Maybe that was what got us here. The easy way out.
"I want the best for him, Quatre. I really do. This isn't just about Zero, or about me. I've seen shadows of this all over the place, and I've tried to help him get rid of them. It hasn't worked obviously, so... maybe it's time to cut my losses. Either he changes or he doesn't. Nothing I do is going to affect that, apparently, so there's no point in waiting around here, waiting for something that might never happen. That kind of person's pathetic, right? If I have any self-respect at all, I'll move on. If he figures himself out and we're both still interested, maybe then we could try something again. Maybe... maybe he can find someone else to help him. Maybe... I'm a part of the problem now. I don't want to be a part of his problems." I pitched my soggy tissue into a recycling bin and snagged a fresh one, finally conceding to the need to blow my nose. "Sometimes, I hate you, Quatre."
He smiled sadly. "You have so many things to say, Heero. You can't blame me if you pour them all out, once given the opportunity."
"I shouldn't... I probably shouldn't. Not to you. It's between him and me, right? You shouldn't have to be dragged into this mess."
"That didn't work on Wufei. It won't work on me."

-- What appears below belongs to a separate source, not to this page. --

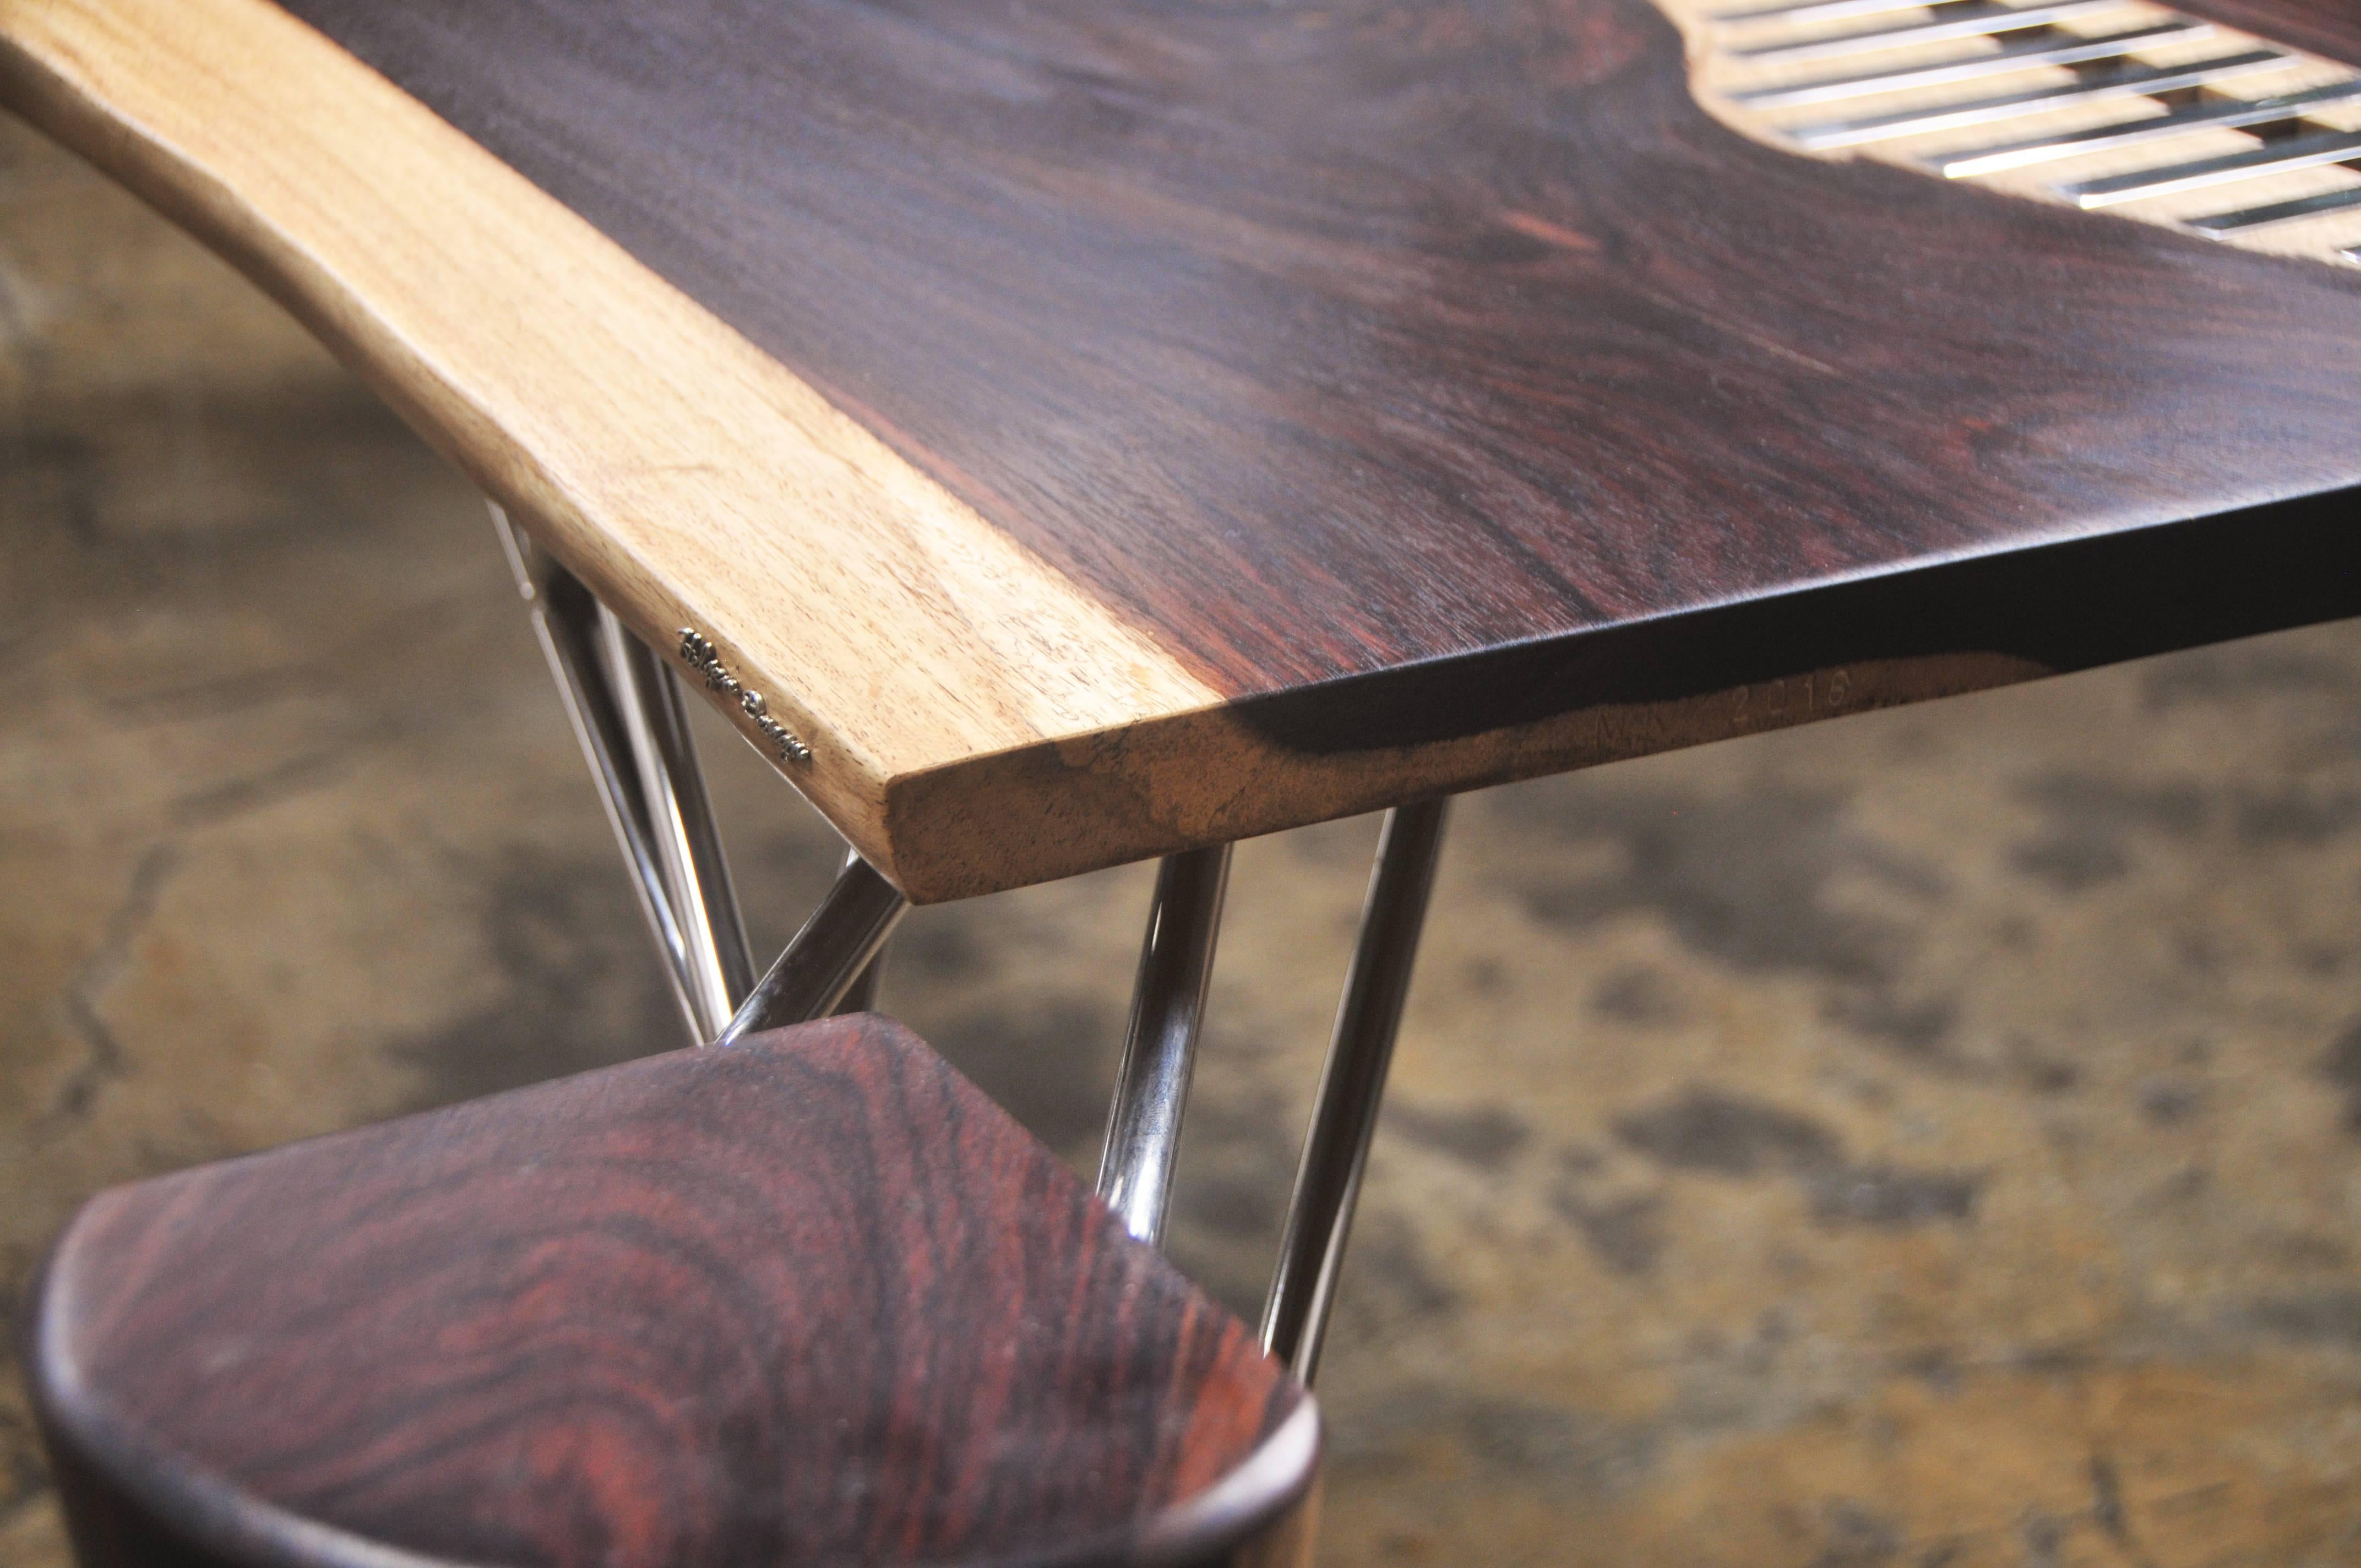 Hand-Crafted Mahakam Table One of a Kind Made of Rosewood and Mirror Polished Stainless Steel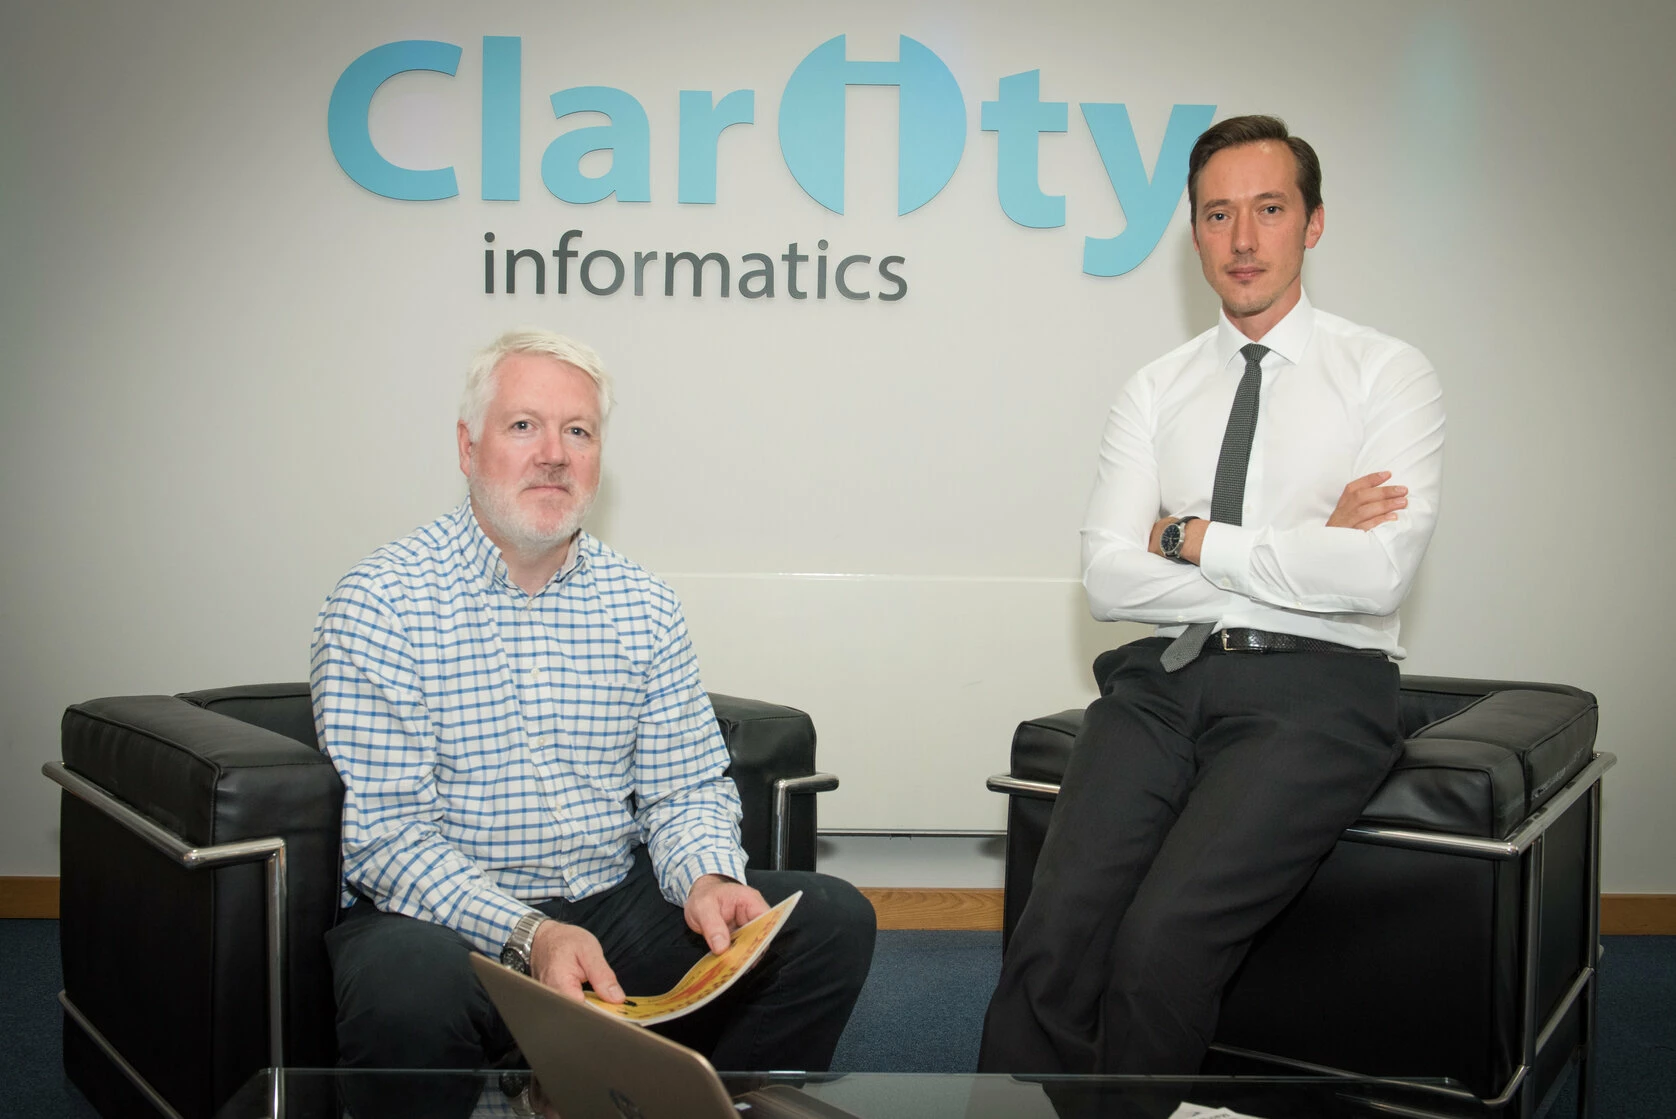 Medical Director & Editor of Clarity’s best-practice clinical guidance, Dr Gerry Morrow (L) with Clarity Informatics CEO, Tim Sewart (R)

"I just don't want anyone having to take sides because of this." Quatre had played the neutral third party rather well, though, saying practically nothing for or against. "I don't want everyone having to be tense because we're in the same room together. It's not right of us."
"Don't worry about things that are out of your control, Heero."
"I hate things that are out of my control."
"But they're within our control. They're controlled by people you trust. Trust us and our decisions, Heero."